- Aim of the exercise
Find the line containing "Bicicleta de sosea" in the entries below. Restate it and each line after it, word for word, up to and including the line containing "sweet tooth fairy dark green meltables".

- Exercise material
---*---

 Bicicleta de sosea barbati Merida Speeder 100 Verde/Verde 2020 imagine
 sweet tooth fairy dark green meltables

---*---

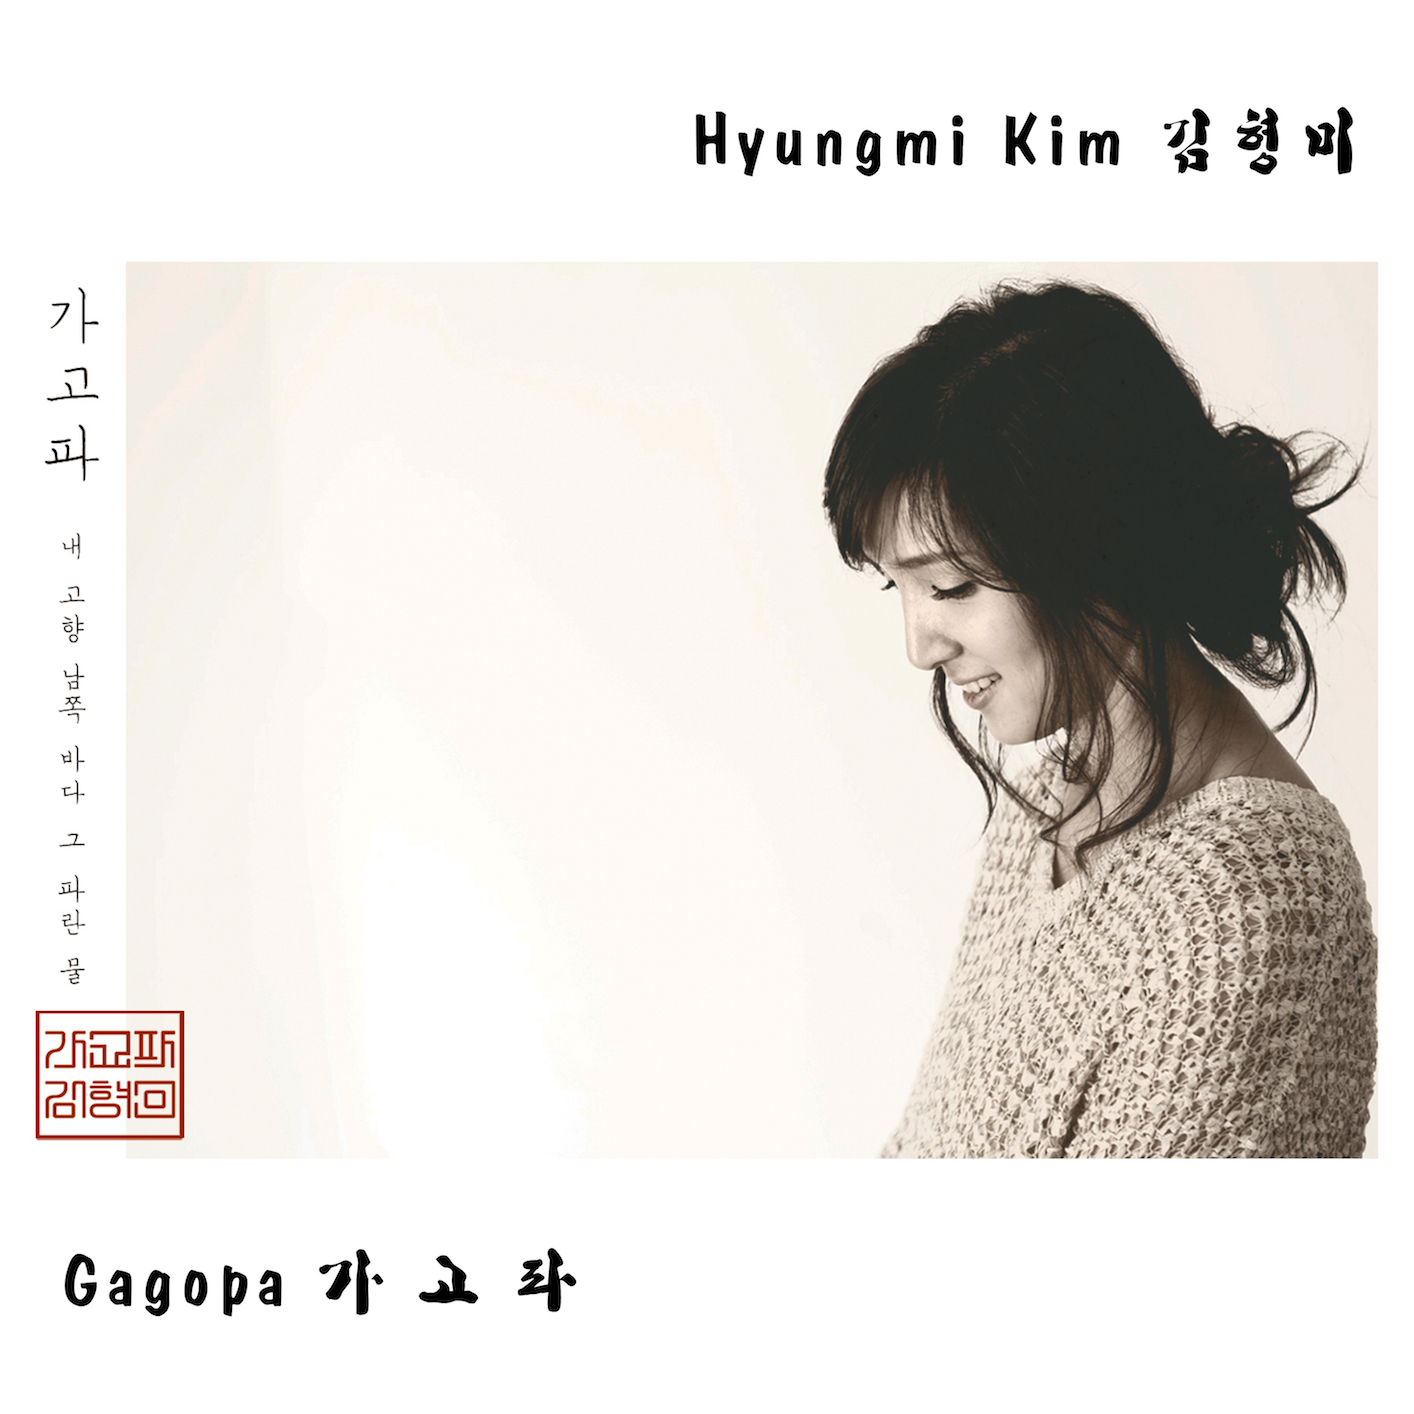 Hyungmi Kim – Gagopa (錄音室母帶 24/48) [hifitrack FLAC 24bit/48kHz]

---*---

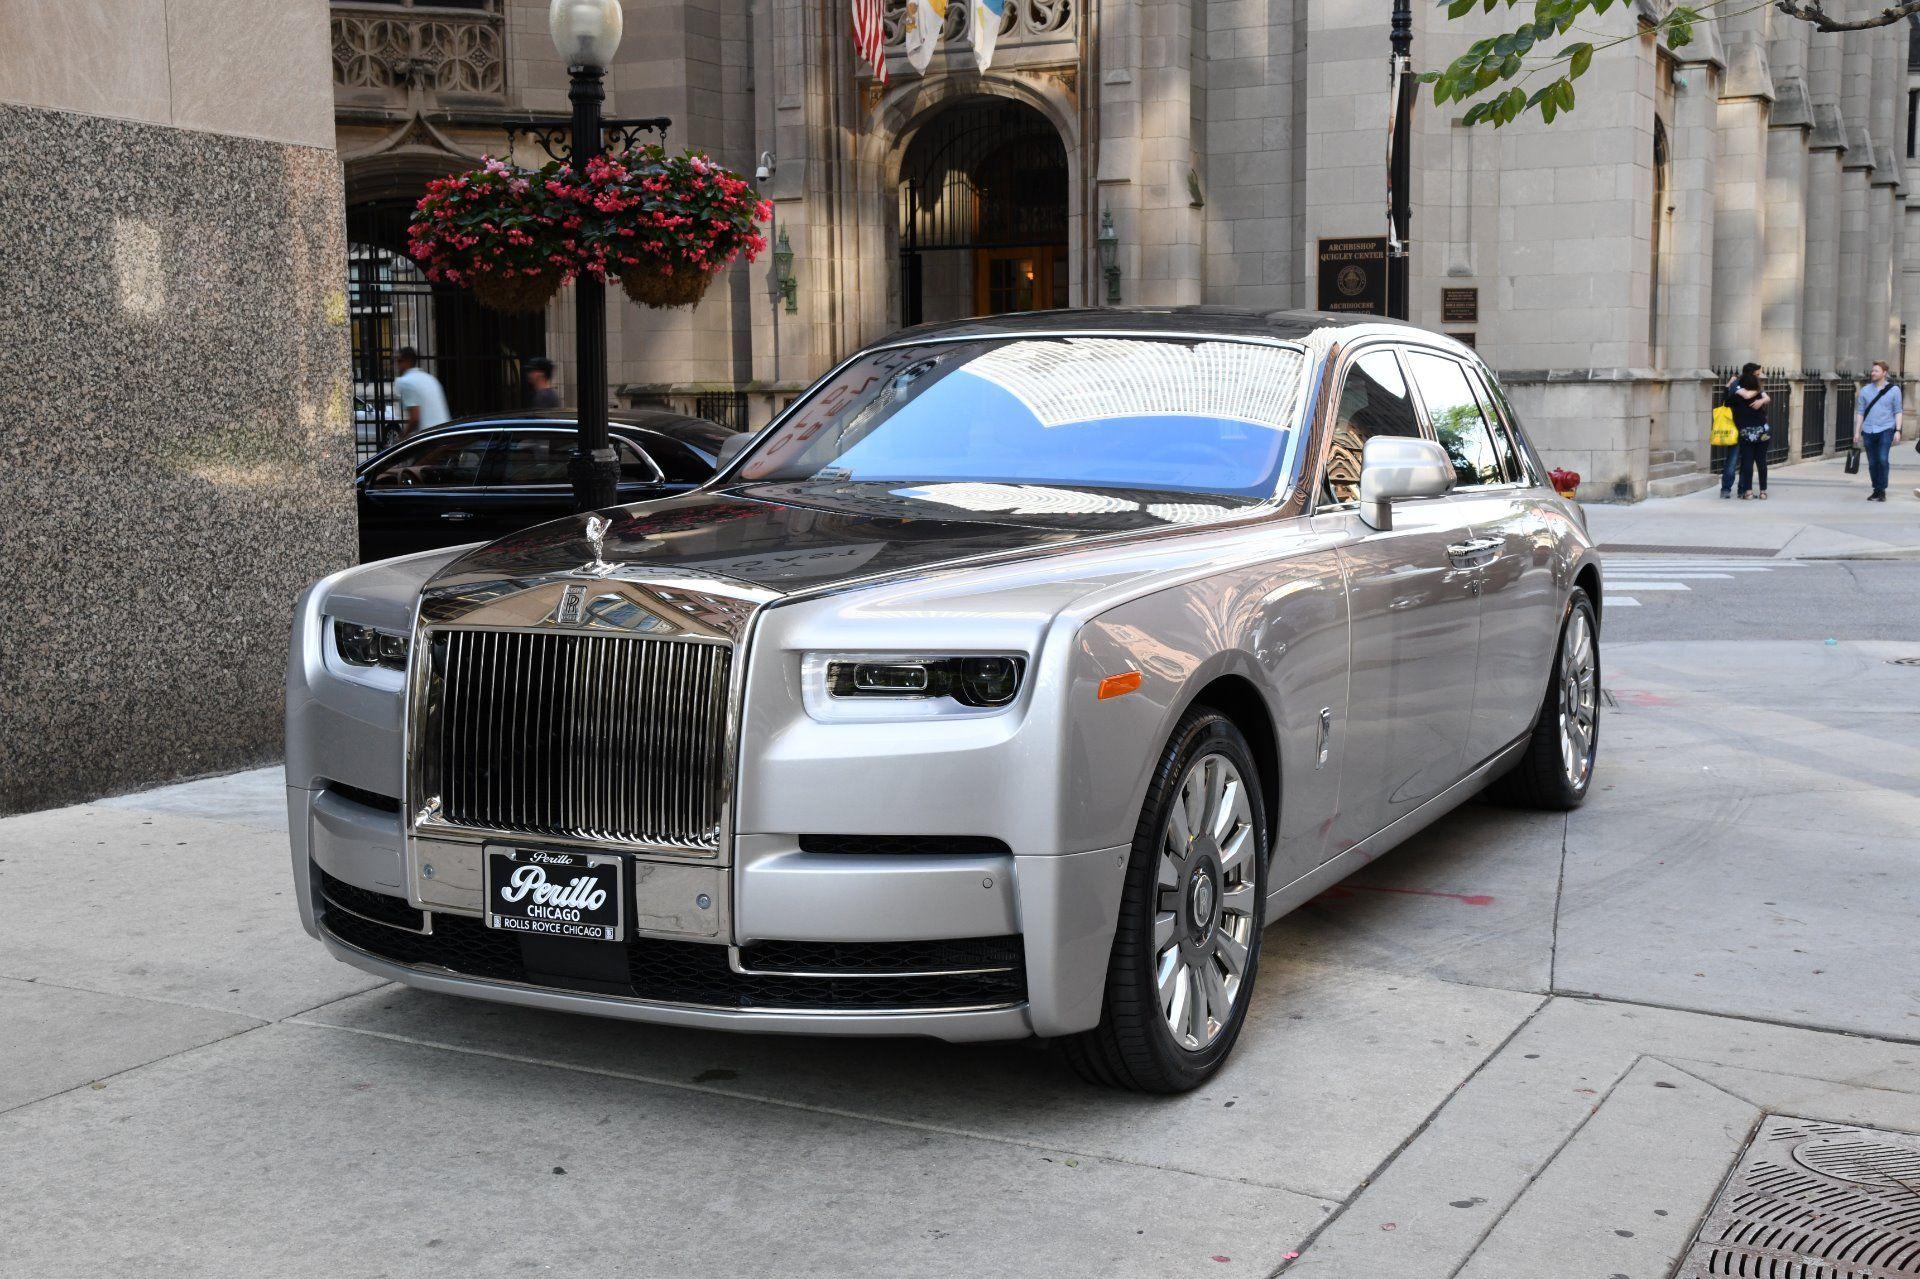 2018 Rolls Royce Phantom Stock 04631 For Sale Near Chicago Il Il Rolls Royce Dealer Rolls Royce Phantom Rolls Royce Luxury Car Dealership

---*---

- Answer to this problem
 Bicicleta de sosea barbati Merida Speeder 100 Verde/Verde 2020 imagine
 sweet tooth fairy dark green meltables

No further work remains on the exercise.